Task directions
Print every line below exactly as written, but leave the pictures behind.
Dataset section section start
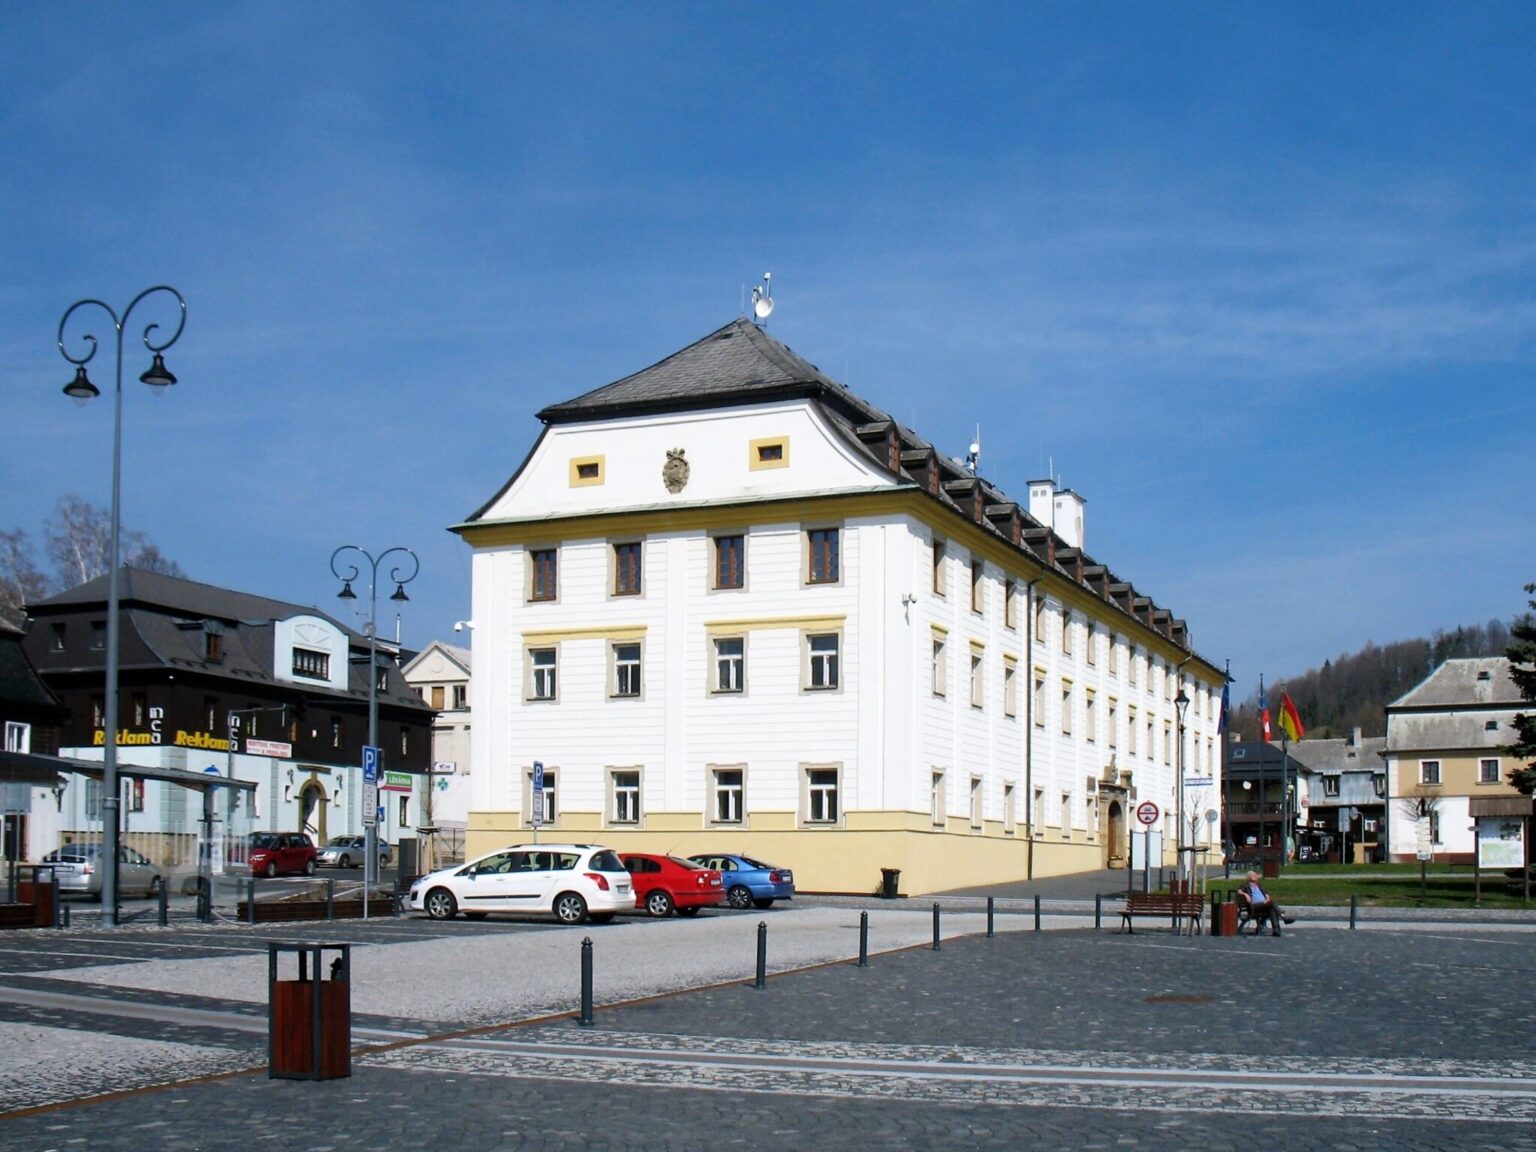 Radnice v Novém Boru. Zdroj: Marie Čcheidzeová, Wikimedia
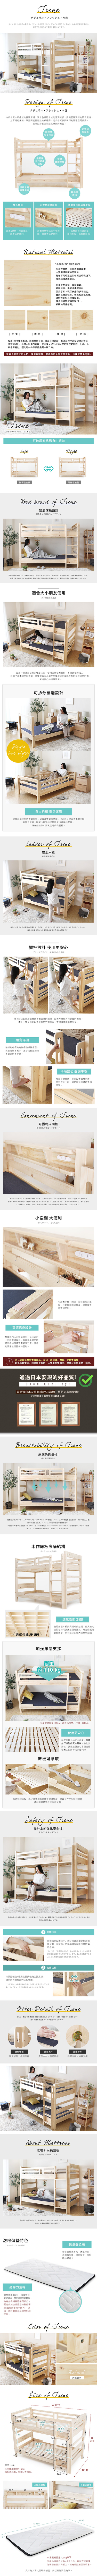 預購9月上旬 雙層床 艾琳系列日式清新雙層床架組(上下舖)3件式/H&D東稻家居
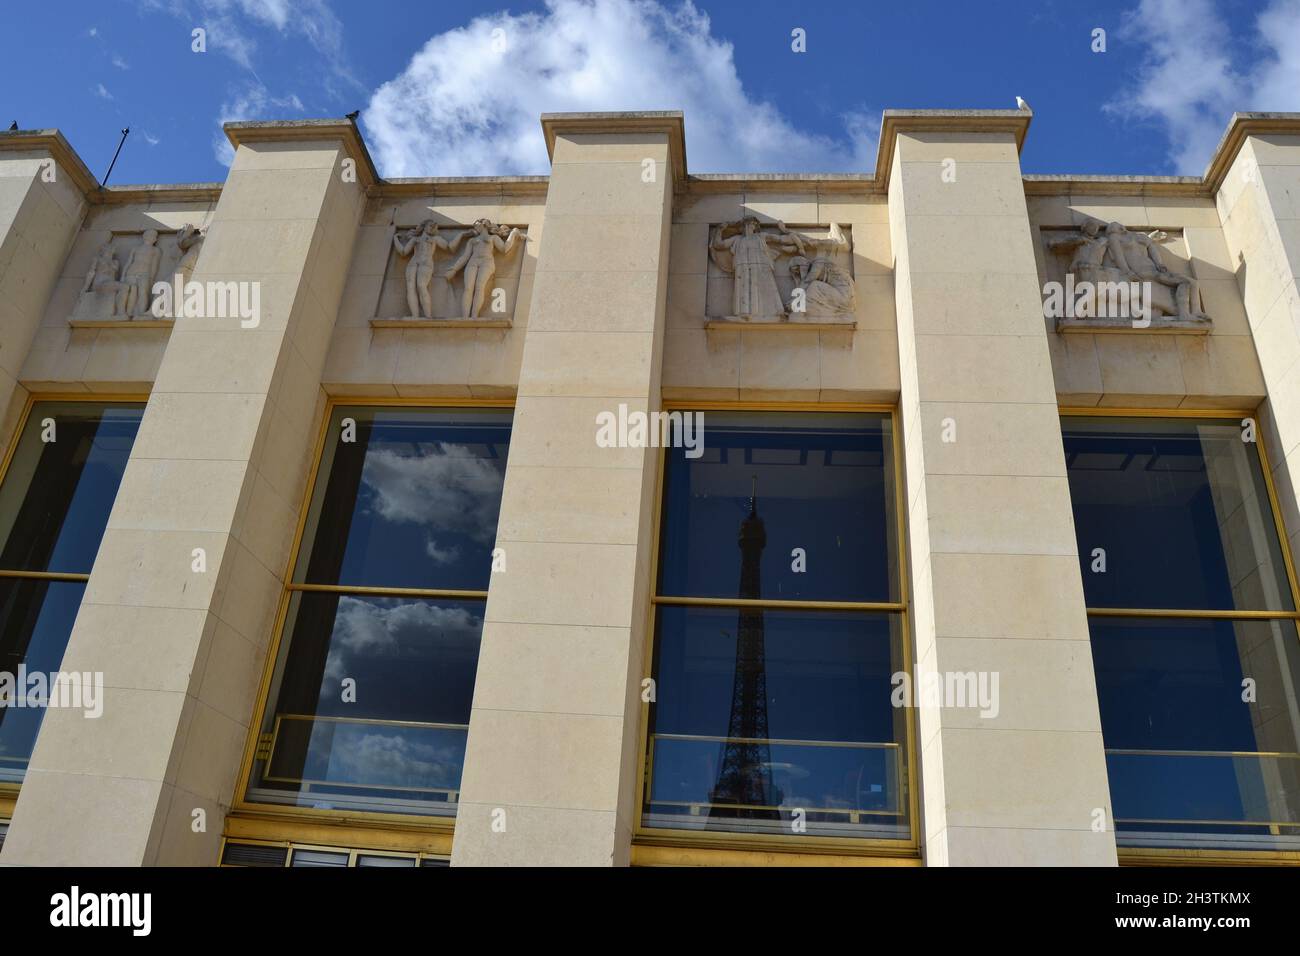 20.02.2012. Paris. Frankreich. Berühmter eiffelturm Reflexion auf dem Regierungsgebäude und es gibt Skulpturen Wand vor ihm. Stockfoto
Dataset section section end
Answer to the exercise
 Radnice v Novém Boru. Zdroj: Marie Čcheidzeová, Wikimedia
 預購9月上旬 雙層床 艾琳系列日式清新雙層床架組(上下舖)3件式/H&D東稻家居
 20.02.2012. Paris. Frankreich. Berühmter eiffelturm Reflexion auf dem Regierungsgebäude und es gibt Skulpturen Wand vor ihm. Stockfoto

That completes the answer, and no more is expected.